Hetgeen in beroep is aangevoerd kan naar het oordeel van de beroepscommissie niet tot een andere beslissing leiden dan die van de beklagcommissie. Op zich moet klager een tijd worden gegund om zaken eerst zelf trachten op te lossen. Dat daarmee een periode nodig was vanaf het moment van overplaatsing in augustus 2020 tot aan het moment van indiening van de klacht op 3 juni 2021 is door klager onvoldoende onderbouwd. Deze periode is daarmee zodanig lang van duur dat klager terecht niet meer in zijn klacht is ontvangen. Het beroep zal daarom ongegrond worden verklaard.

 

4. De uitspraak

De beroepscommissie vernietigt de uitspraak van de beklagcommissie wat betreft beklagonderdeel a, verklaart klager alsnog ontvankelijk in dit onderdeel van het beklag, maar verklaart dit beklag ongegrond.

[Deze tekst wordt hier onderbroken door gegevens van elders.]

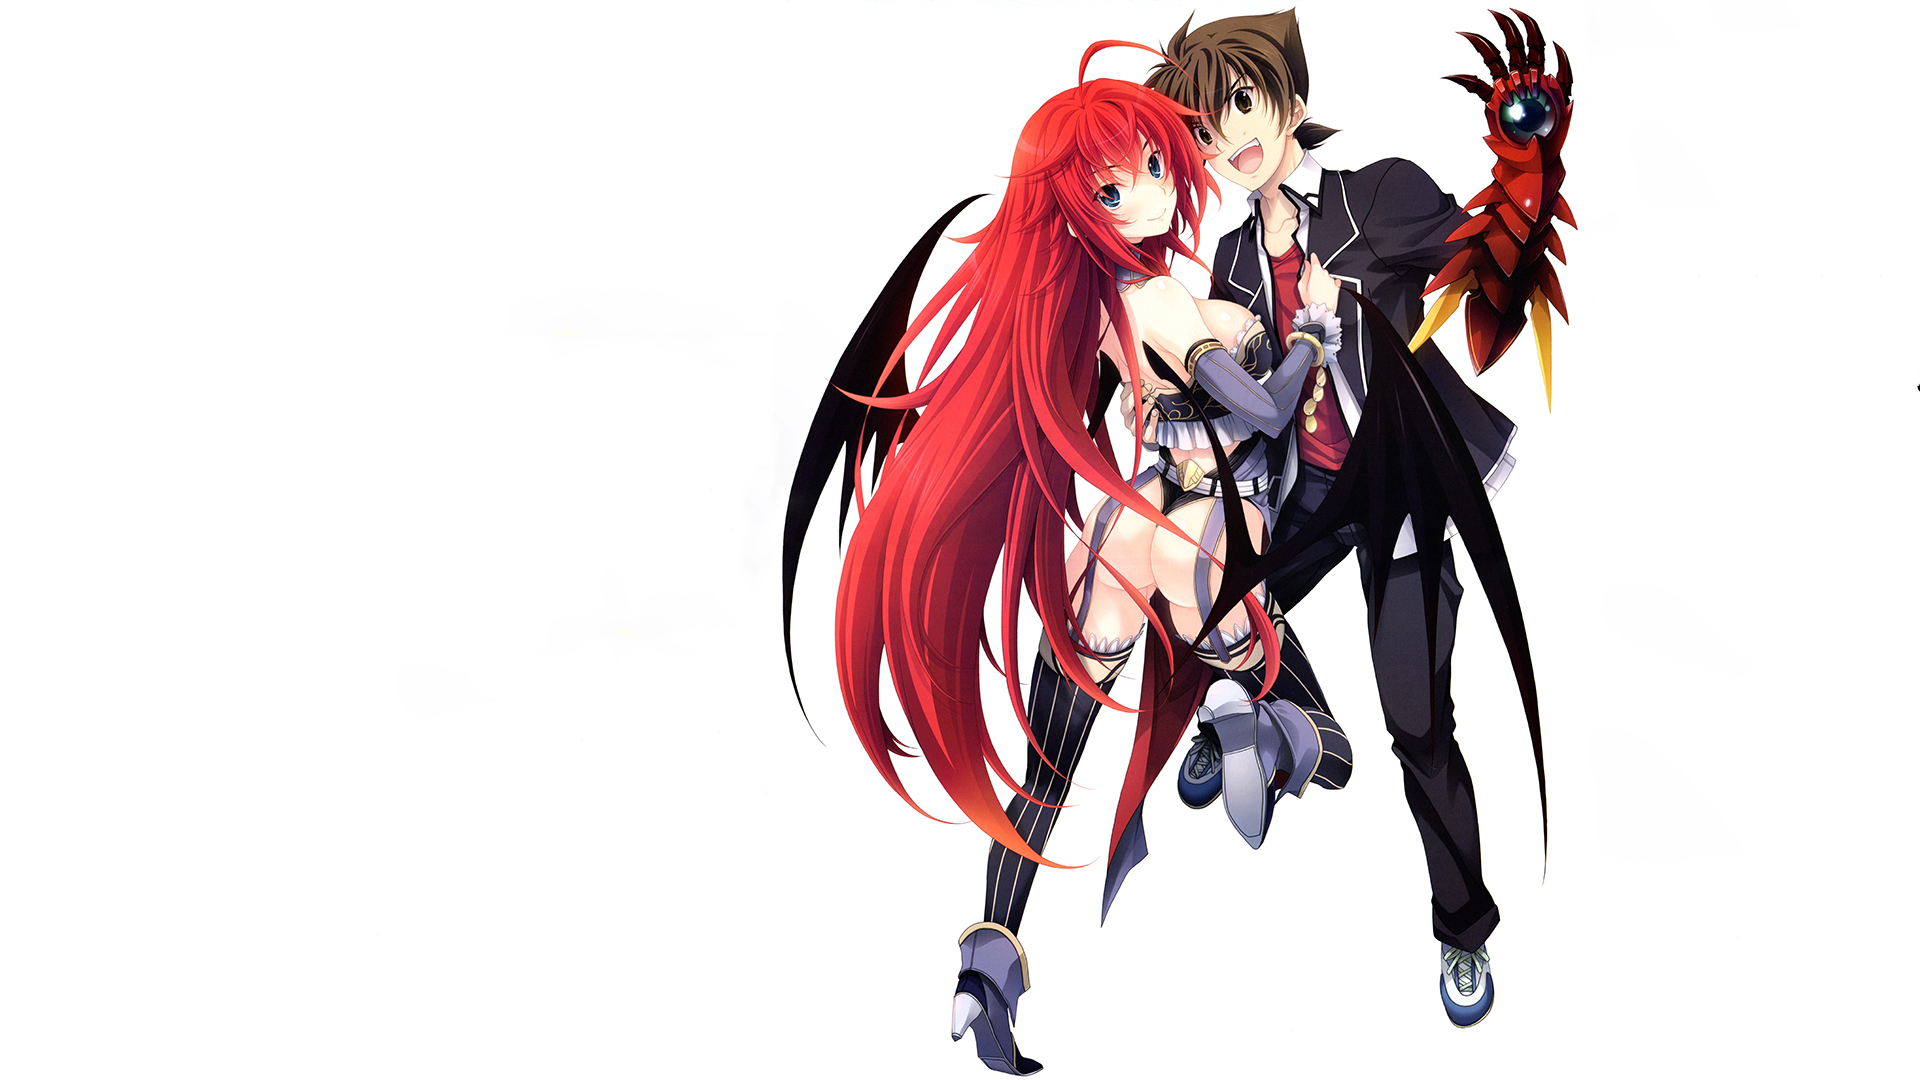 Anime 1920x1080 anime anime girls High School DxD Gremory Rias Hyoudou Issei redhead long hair blue eyes ass white background simple background stockings black stockings heels anime boys smiling open mouth

Zij verklaart het beroep wat betreft beklagonderdeel b ongegrond en bevestigt in zoverre de uitspraak van de beklagcommissie.

 

Deze uitspraak is op 10 januari 2022 gedaan door de beroepscommissie, bestaande uit mr. M.J.H. van den Hombergh, voorzitter, mr. drs. L.C. Mulder en mr. A.M.G. Smit, leden, bijgestaan door mr. R. Kokee, secretaris.